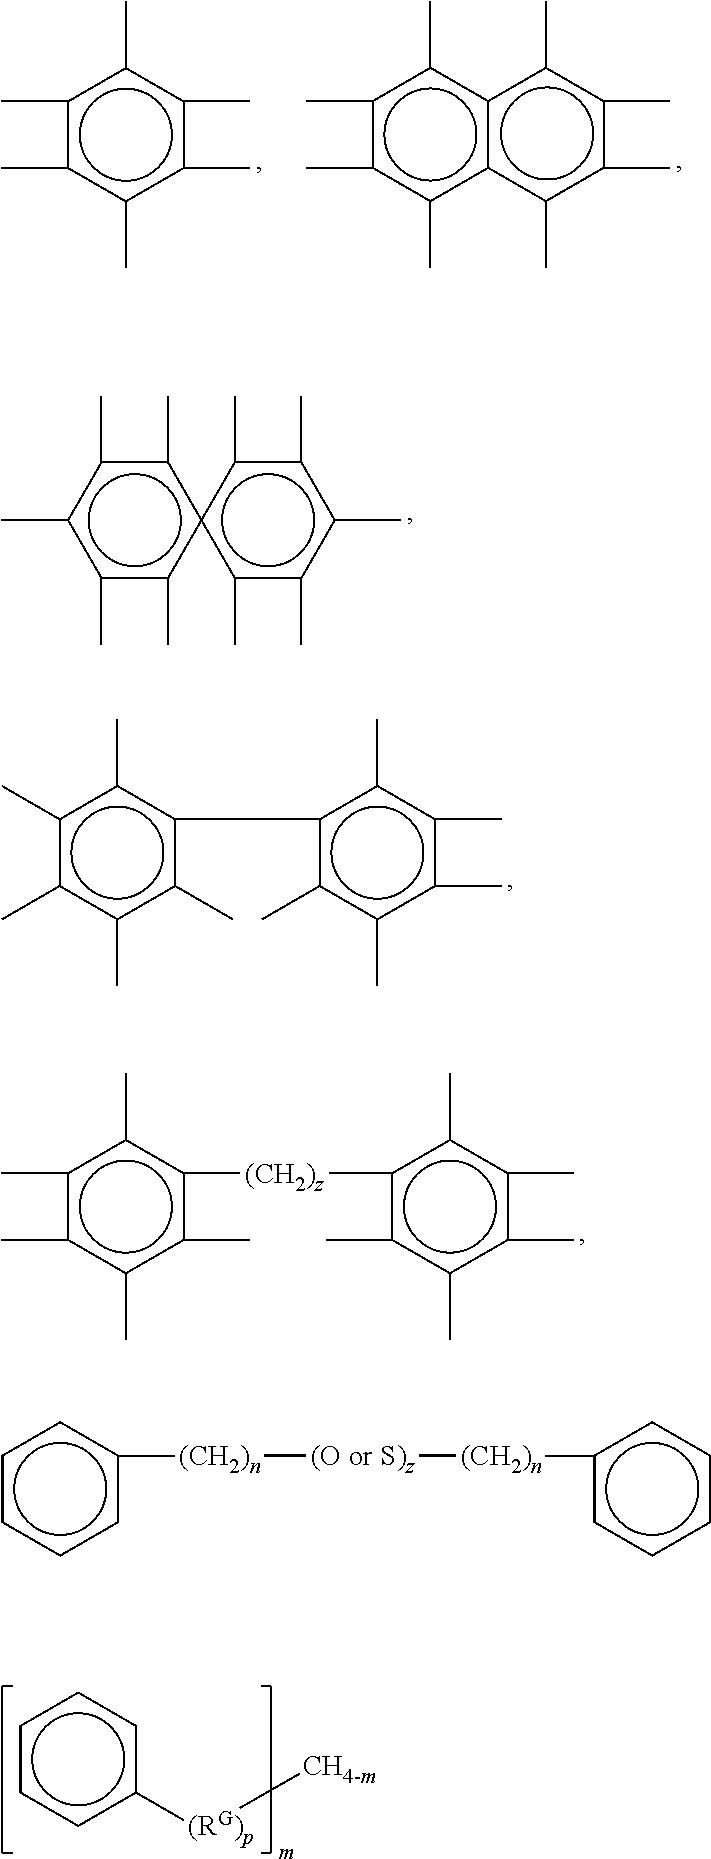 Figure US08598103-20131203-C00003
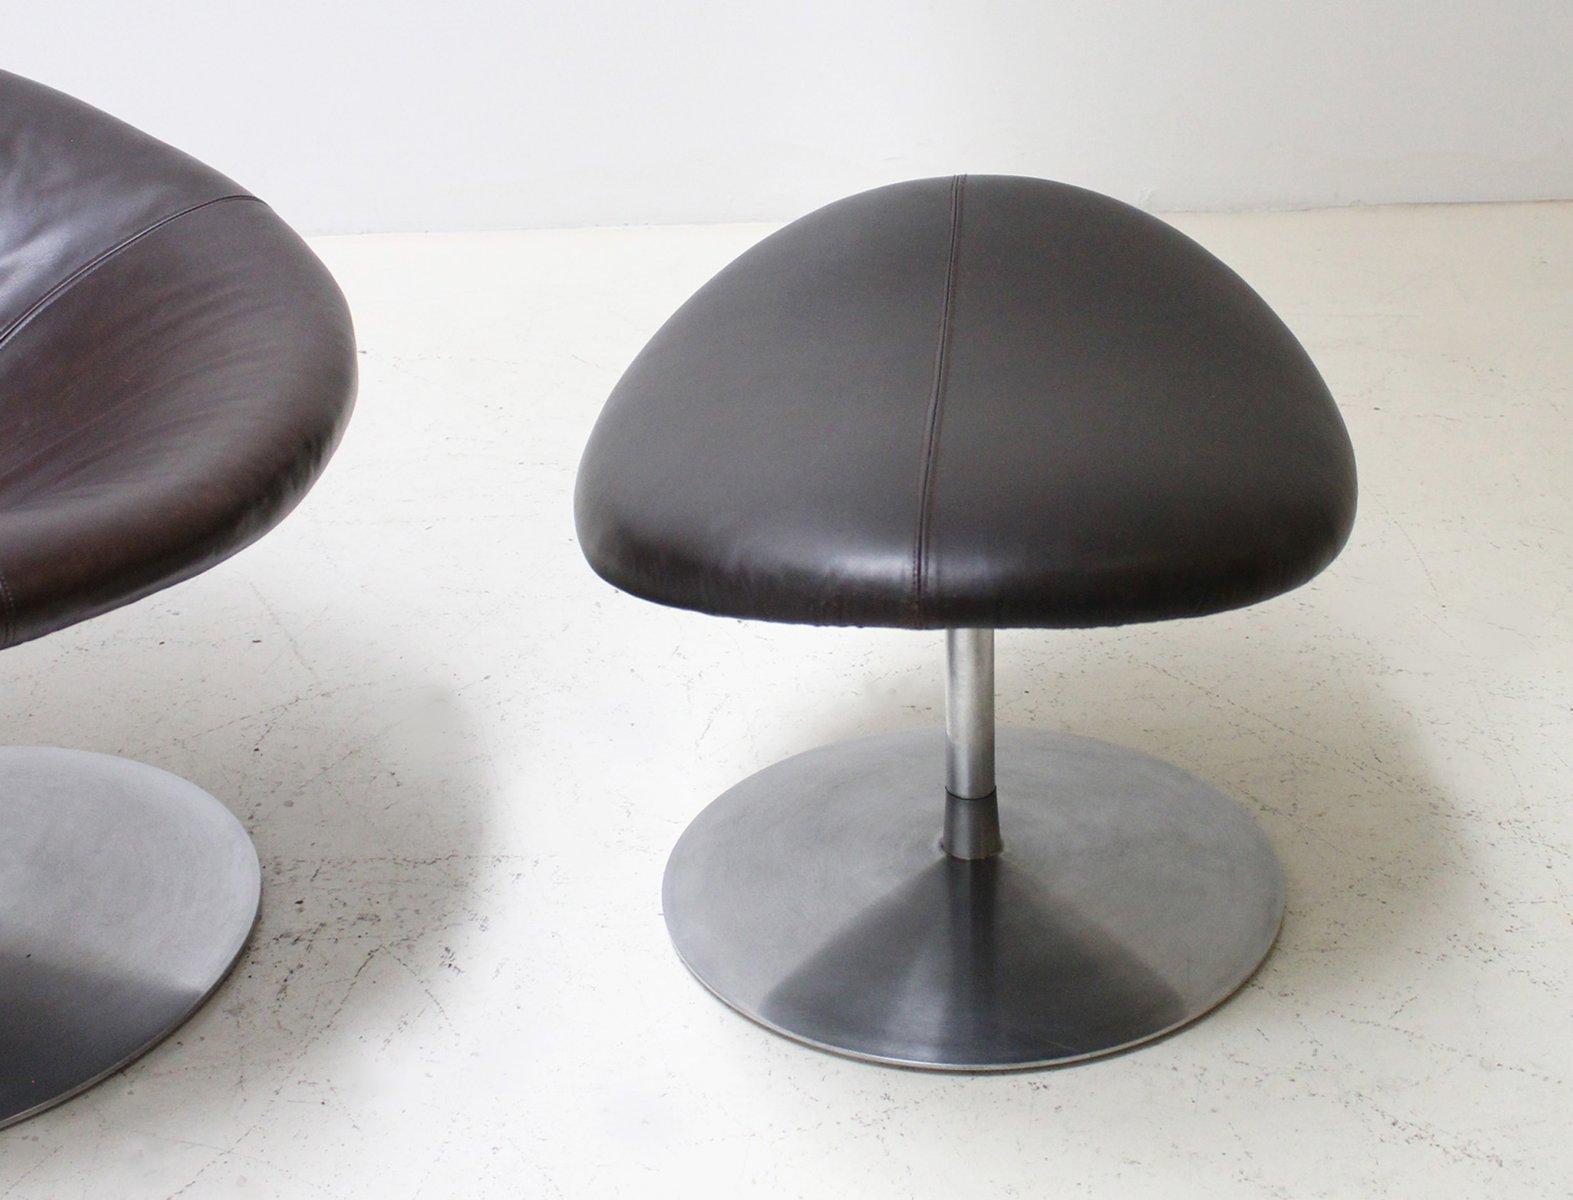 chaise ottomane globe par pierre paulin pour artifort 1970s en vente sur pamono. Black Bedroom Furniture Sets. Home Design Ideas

...

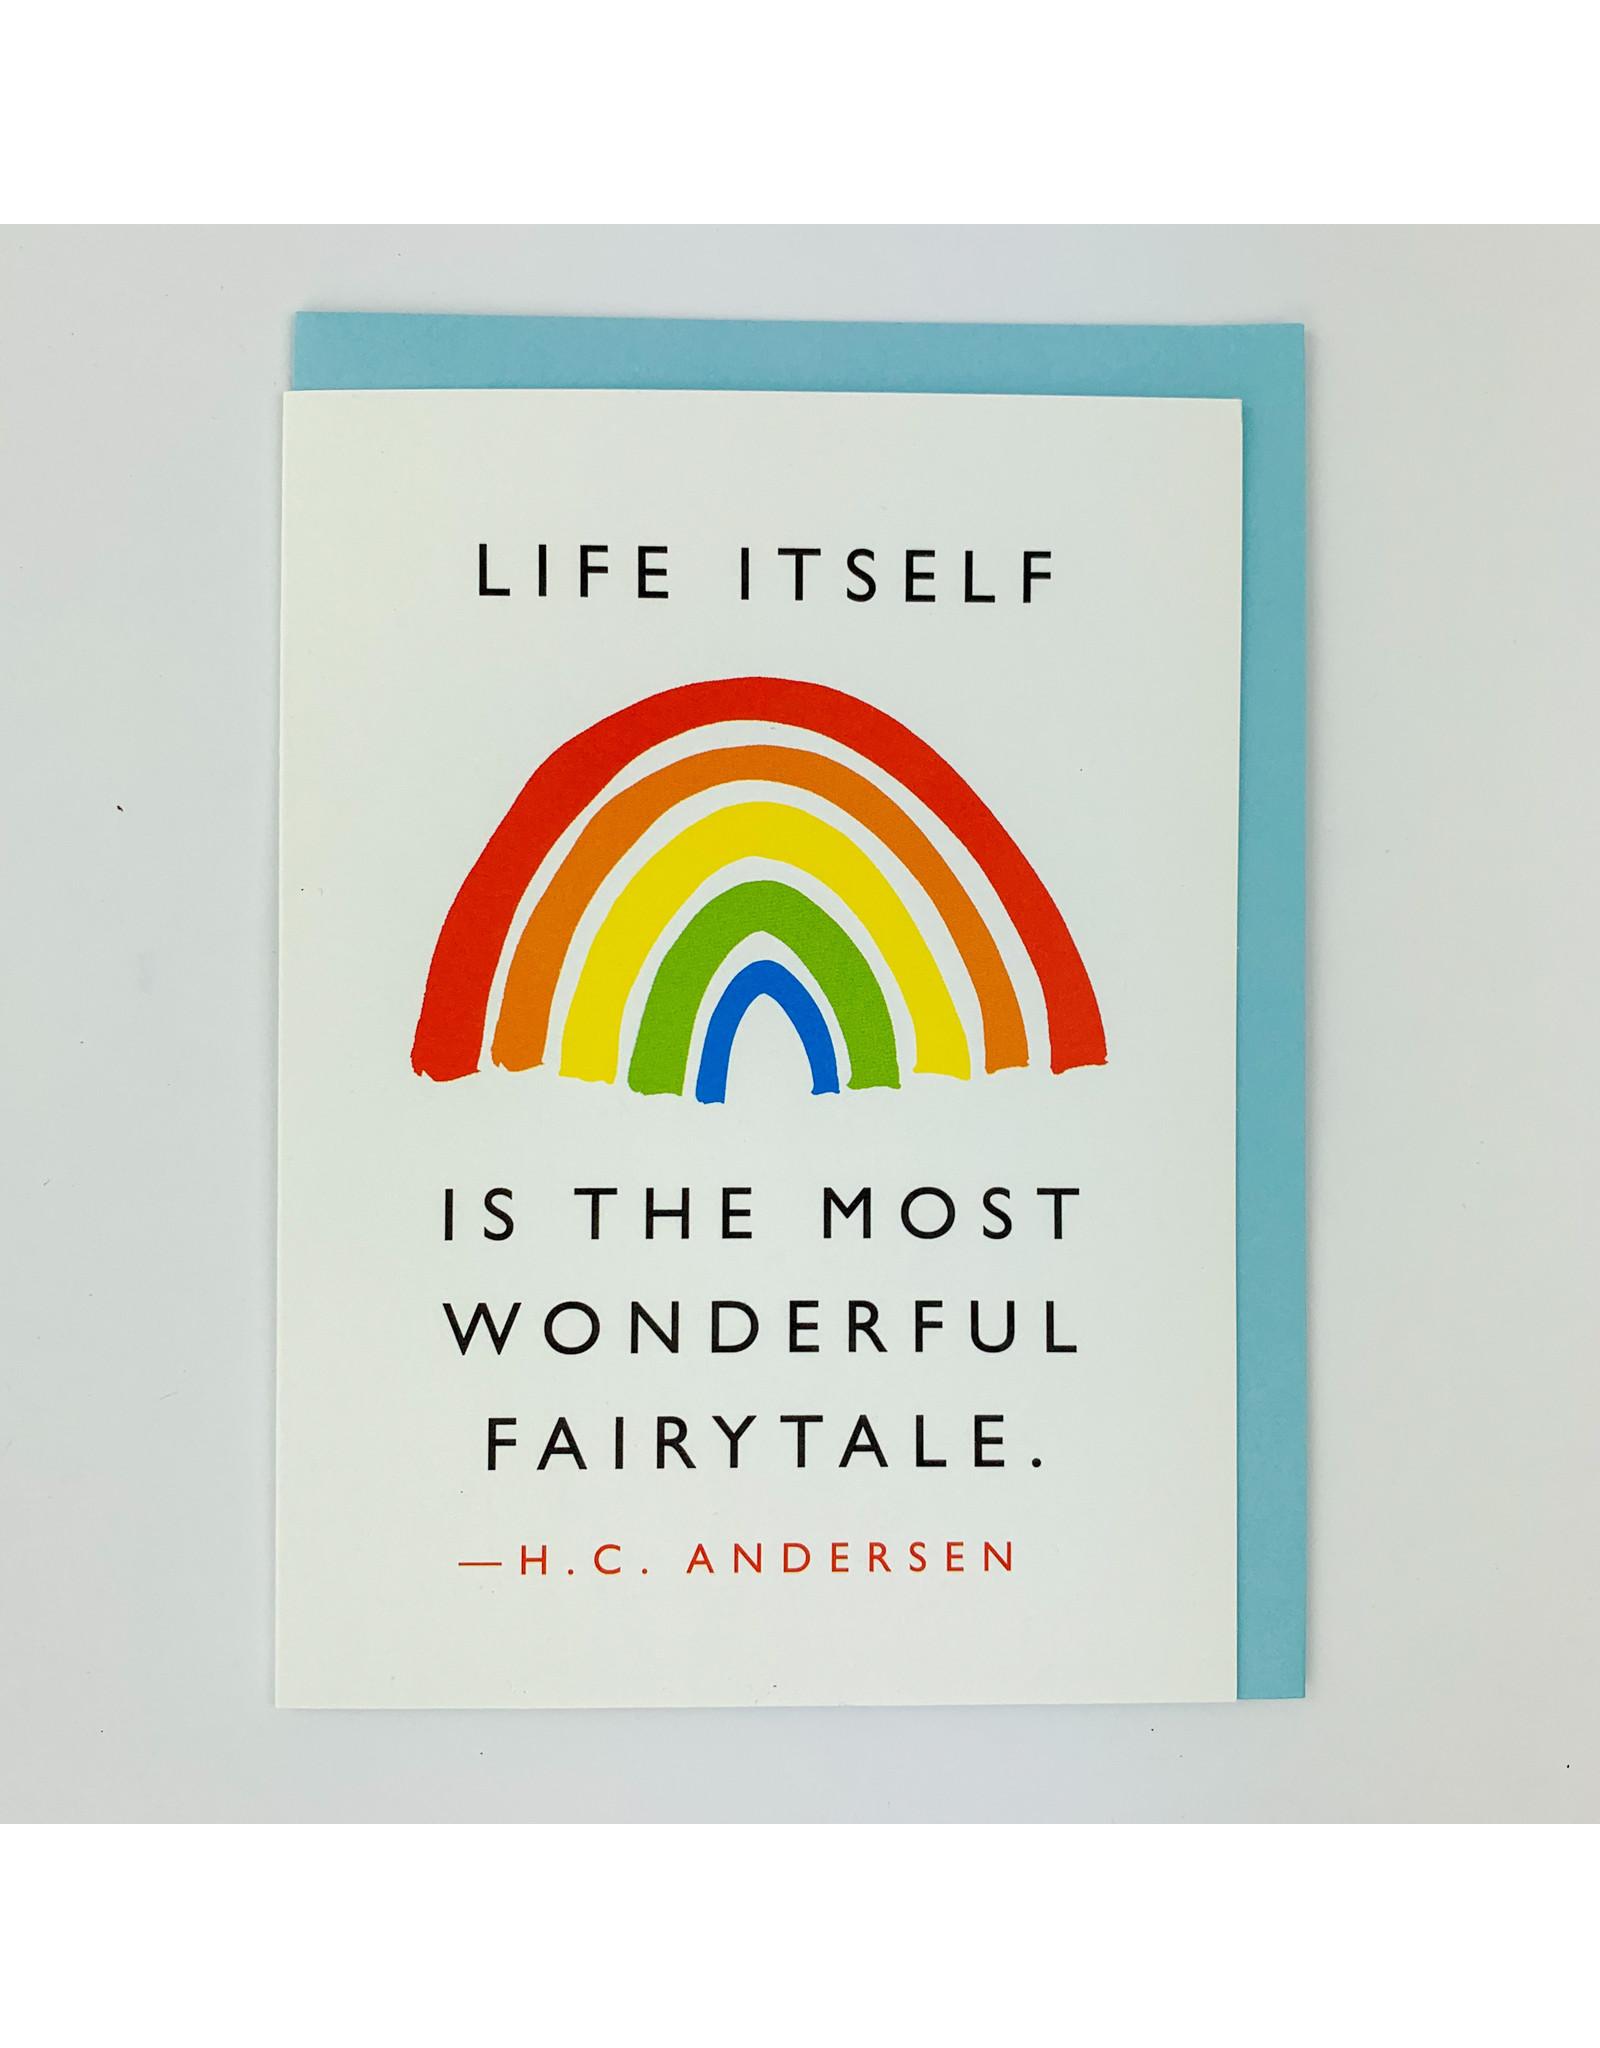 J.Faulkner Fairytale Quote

**ASSIGNMENT:** Transcribe the lines above exactly, beginning at the one with "Figure US08598103-20131203-C00003" and ending at the one with "chaise ottomane globe". Include both; exclude the pictures.

**REPLY TO THE TASK:**
 Figure US08598103-20131203-C00003
 chaise ottomane globe par pierre paulin pour artifort 1970s en vente sur pamono. Black Bedroom Furniture Sets. Home Design Ideas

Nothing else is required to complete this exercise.